Тогда же, выходя из клиники, я думал совсем о другом...
Я думал о печальной участи одного из самых правдивейших русских
писателей, осужденного на медленное догорание в расцвете своего таланта.
Сколько, подумаешь, всяких утомительных сочувствий окружало его больничную
койку, и среди этой пестрой толпы сочувственников, великих и малых, не
нашлось ни единого, который бы догадался позабыть на больничном чеховском
столике... "чек" на необходимую сумму для выезда за границу. А ведь такой
"чек", вовремя полученный, мог бы спасти его, тем более, что Чехов, как это
я узнал впоследствии, именно в это время находился в исключительной
крайности. И вот, потрясенный физически и нравственно, он возвращается в
свое подмосковное именьице на новые работы и заботы...
А вместо желанного отдыха на голову больного, нуждающегося писателя
обрушилось доморощенное "Pollice verso!" ("Добей его!") в виде неугомонного
паломничества в Мелихово разных незваных гостей и непрошеных
сочувственников. Кого тут только не было!..

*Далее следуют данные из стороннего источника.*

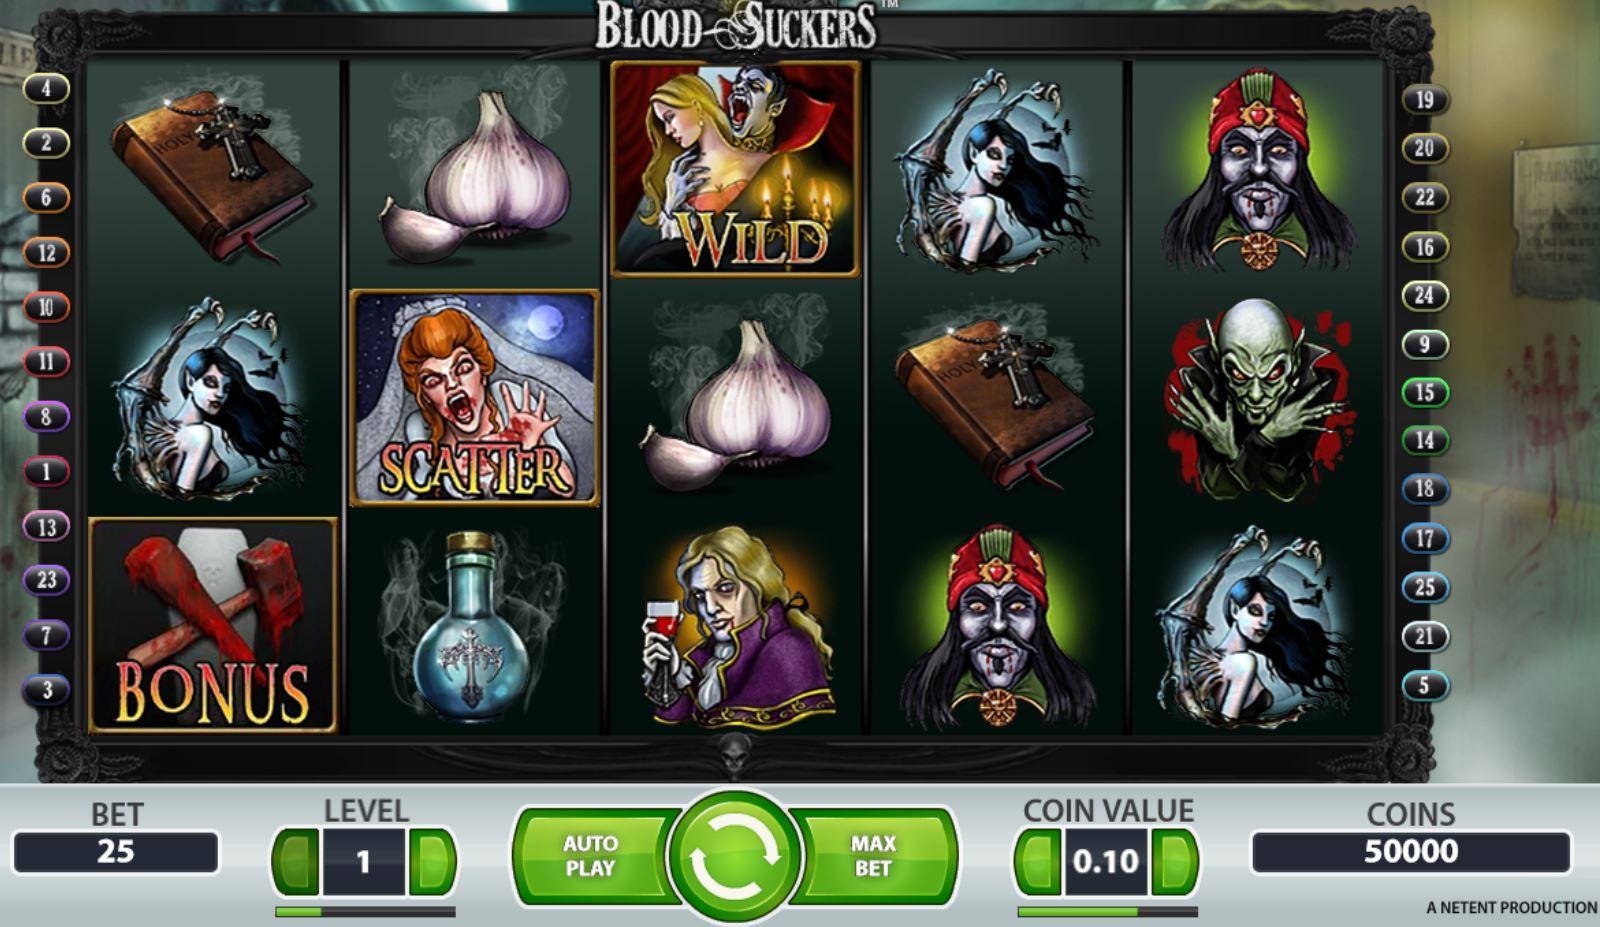 Обзор игрового автомата Blood Suckers

То приезжает целая замоскворецкая семья, будто бы, "чтобы насладиться
беседой бесценного Антона Павловича", а в сущности для того, чтобы отдохнуть
на лоне природы от московской сутолоки, и заставляющая исполнять Чехова роль
чичероне мелиховских окрестностей... То является какая-нибудь профессорская
чета, говорящая без умолку с утра до вечера и жалующаяся на другой день
Чехову, что им мешало спать пение петуха и мычание коровы... То налетает
тройка совершенно незнакомых студентов, - по словам последних,
"исключительно затем, чтобы справиться о драгоценном здоровье Антона
Павловича", - и остающаяся на двое суток, и т.д., и т.д. \75\
Все это было бы смешно,
Когда бы не было так грустно{36}.
Приехав в конце апреля в Мелихово, я прямо ужаснулся перемене, которая
произошла в Чехове со времени нашего недавнего свидания в остроумовской
клинике. Лицо было желтое, изможденное, он часто кашлял и зябко кутался в
плед, несмотря на то, что вечер был на редкость теплый... Помню, в ожидании
ужина, мы сидели на скамеечке возле его дома, в уютном уголке, украшенном
клумбами чудесных тюльпанов; рядом, у ног Чехова, лежал, свернувшись, его
мелиховский любимчик, собачка Бром, маленькая, коричневая, презабавная,
похожая на шоколадную сосульку... Чеховски деликатно, меткими полунамеками,
А.П. повествовал мне о своих житейских невзгодах и сетовал на вызванное ими
крайнее переутомление.
- Знаете, Жан, что мне сейчас надо? - заключил он, и в его голосе
звучала страдальческая нота. - Год отдохнуть! Ни больше, ни меньше. Но
отдохнуть в полном смысле. Пожить в полное удовольствие; когда вздумается, -
погулять, когда вздумается, - почитать, путешествовать, бить баклуши,
ухаживать... Понимаете, один только год передышки, а затем я снова примусь
работать, как каторжный!
Я исподлобья взглянул на Чехова и подумал: "Боже мой! что сделала
"литература" с человеком в какие-нибудь десять лет! Тогда, при первой
встрече в гостинице "Москва", это был цветущий юноша, а теперь... чуть
только не старик".
Но зато какая была вместе с тем перемена в духовном отношении! Это был
как бы другой человек. В тот первый период жизнерадостной юности и
неугомонных успехов Чехов обнаруживал "по временам" досадные черты какой-то
студенчески легкомысленной заносчивости и даже, пожалуй, грубоватости... Но
уже в третий свой приезд в Петербург (в 1891 г., после своего путешествия на
Сахалин){37} этих резких диссонансов как не бывало, что дало мне повод
как-то заметить А.П. в интимной беседе, что "после Сахалина он значительно
исправился". Чехов нимало не обиделся на мой случайный каламбур и сумрачно
проговорил:
- Да, много чего я там насмотрелся... много чего передумал!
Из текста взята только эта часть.